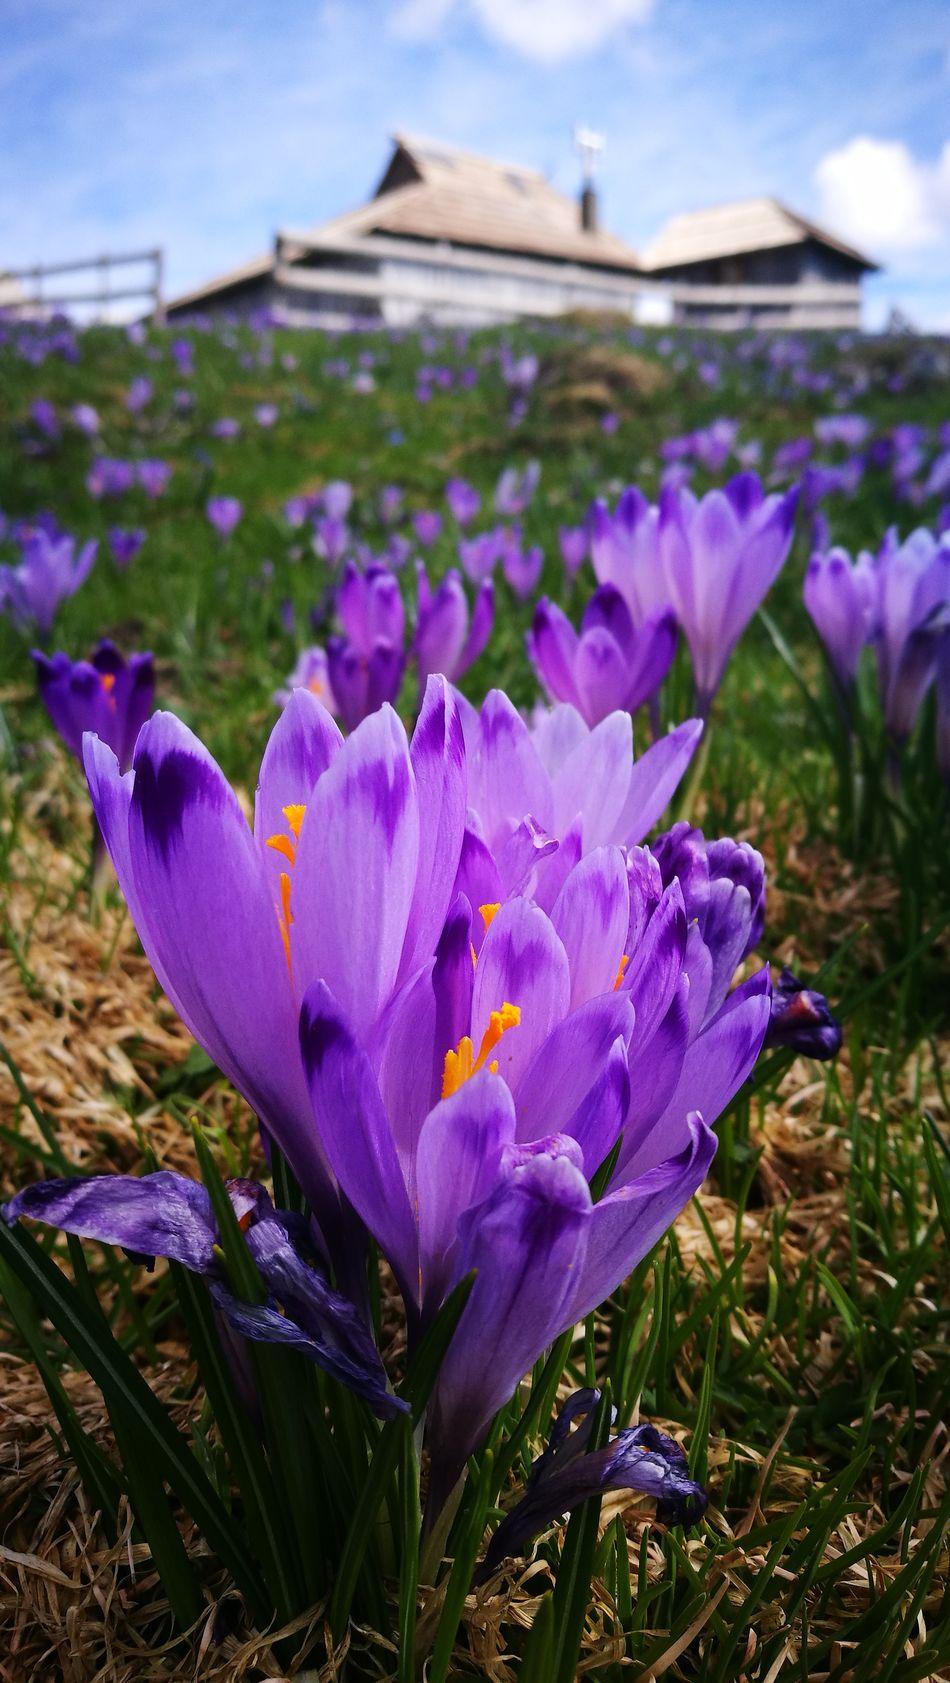 Flower Beauty In Nature Nature Crocus Crocus flavus #wildflowers #guadarrama #primavera #spring #flores nature mountain Velika Planina Slovenia Slovenian Alps
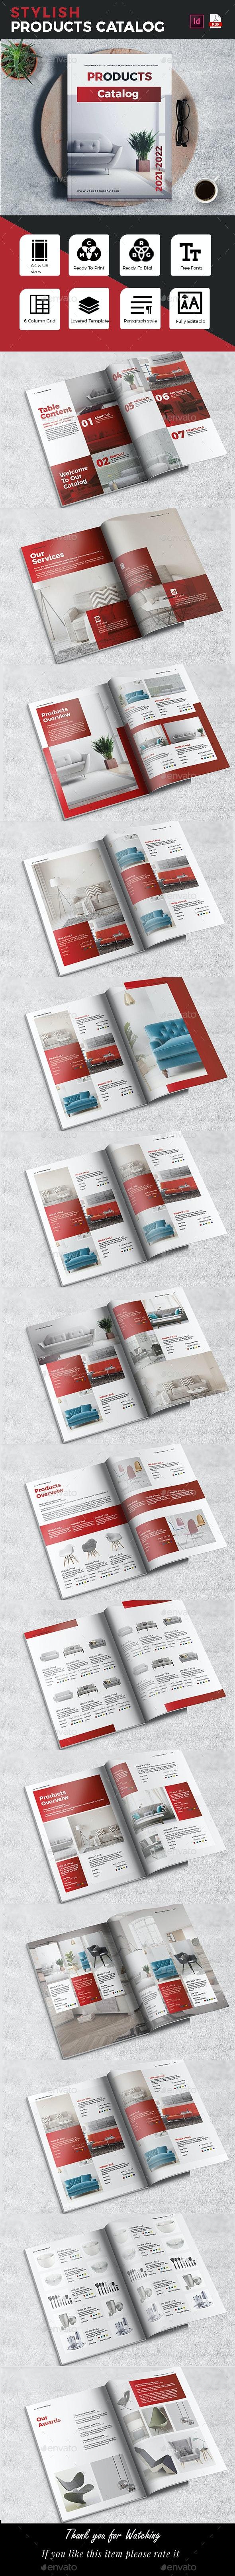 Elegant Products Catalog - Catalogs Brochures
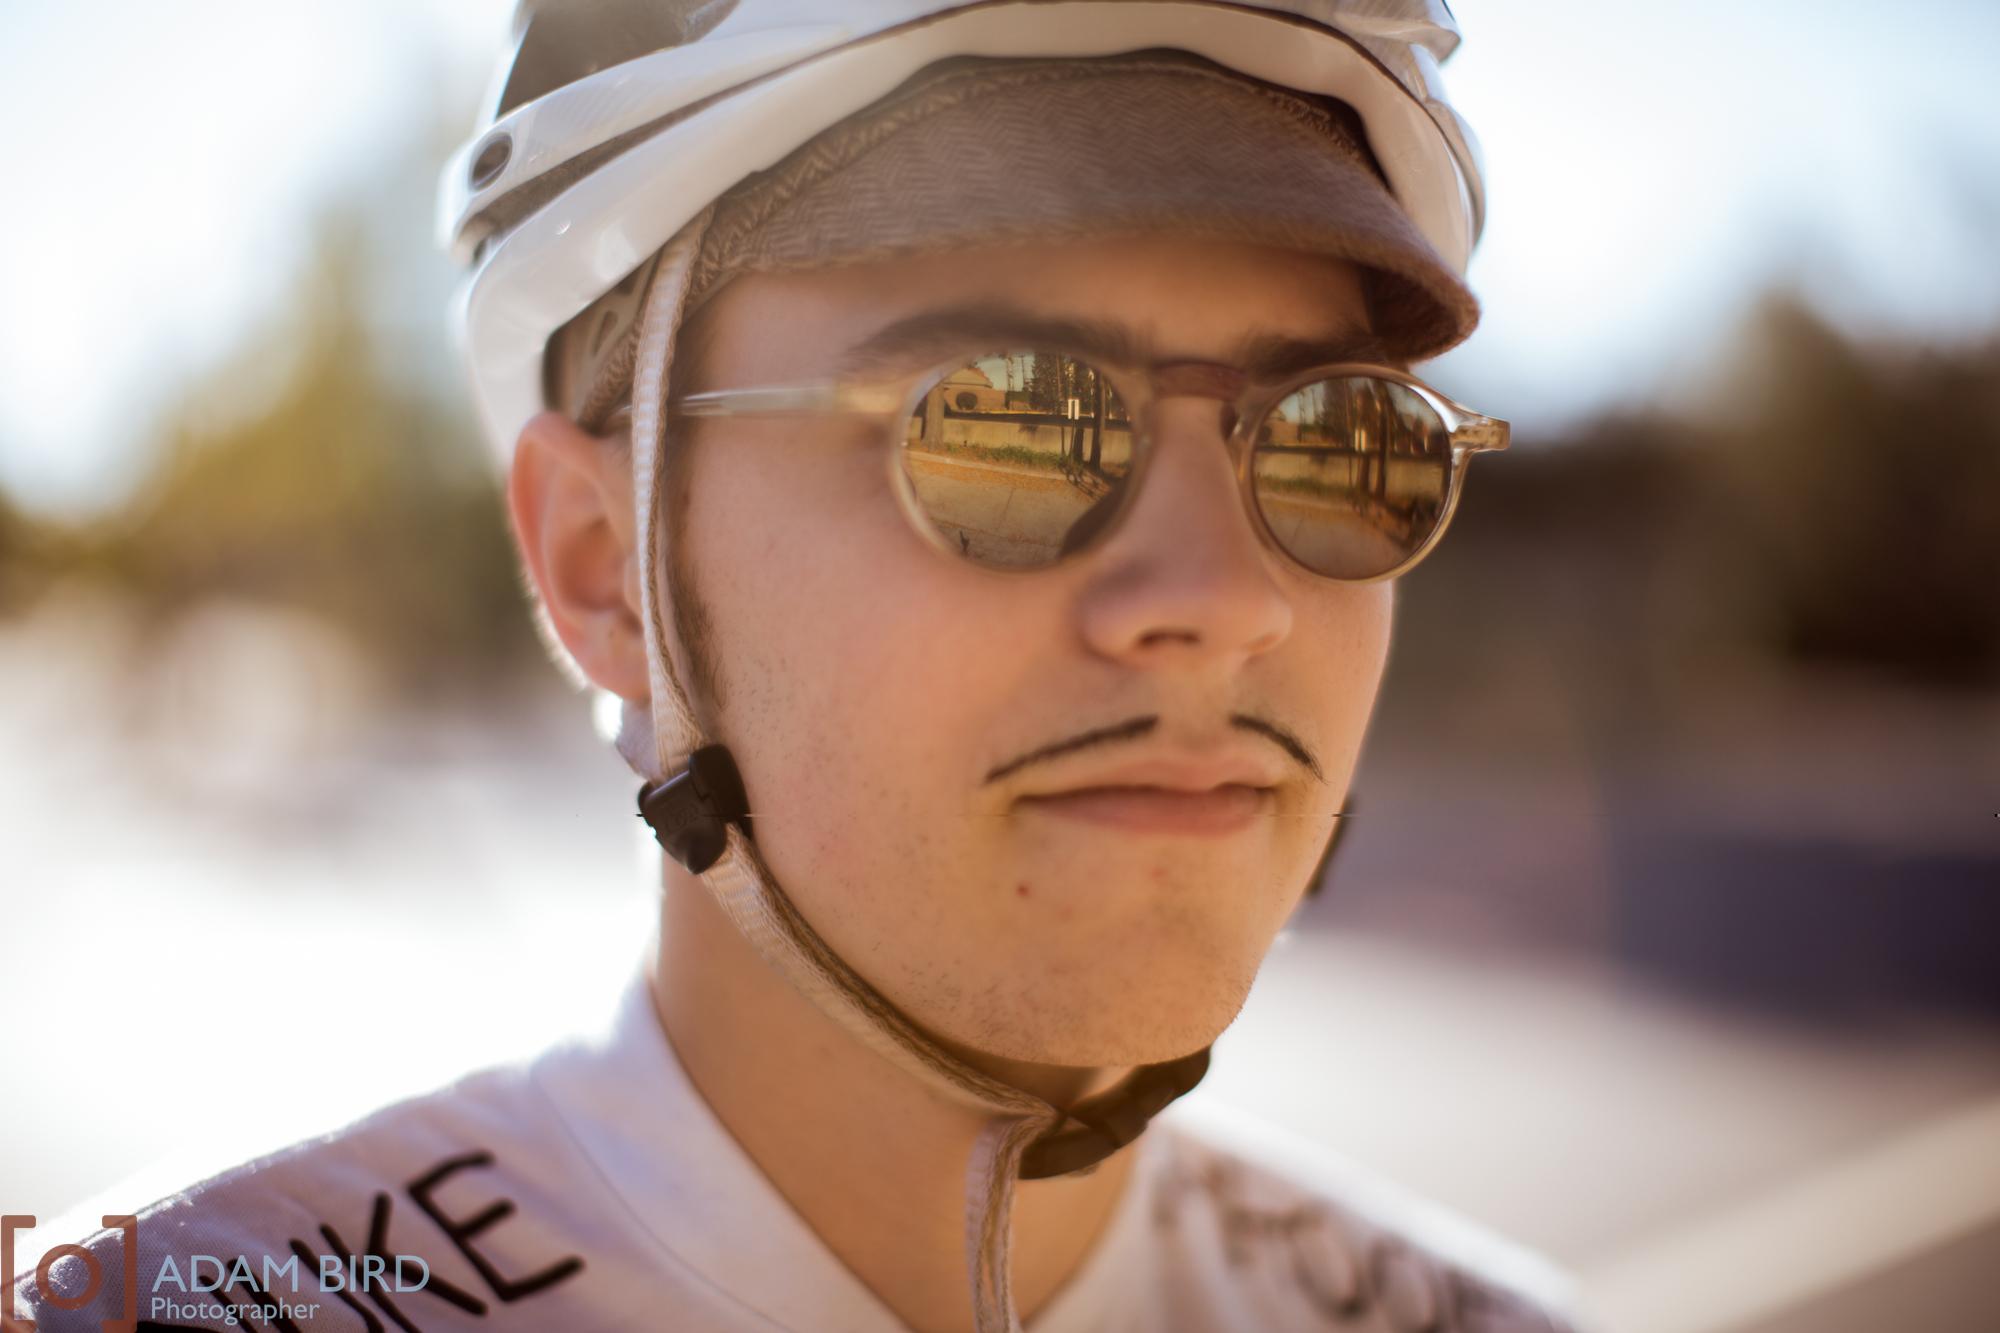 josh_mcvety_bike_lanes_06.JPG
---
_Work instruction_. Would you please set down the listing above exactly, minus its images?

_Response to the task_.
 Flower Beauty In Nature Nature Crocus Crocus flavus #wildflowers #guadarrama #primavera #spring #flores nature mountain Velika Planina Slovenia Slovenian Alps
 Elegant Products Catalog - Catalogs Brochures
 josh_mcvety_bike_lanes_06.JPG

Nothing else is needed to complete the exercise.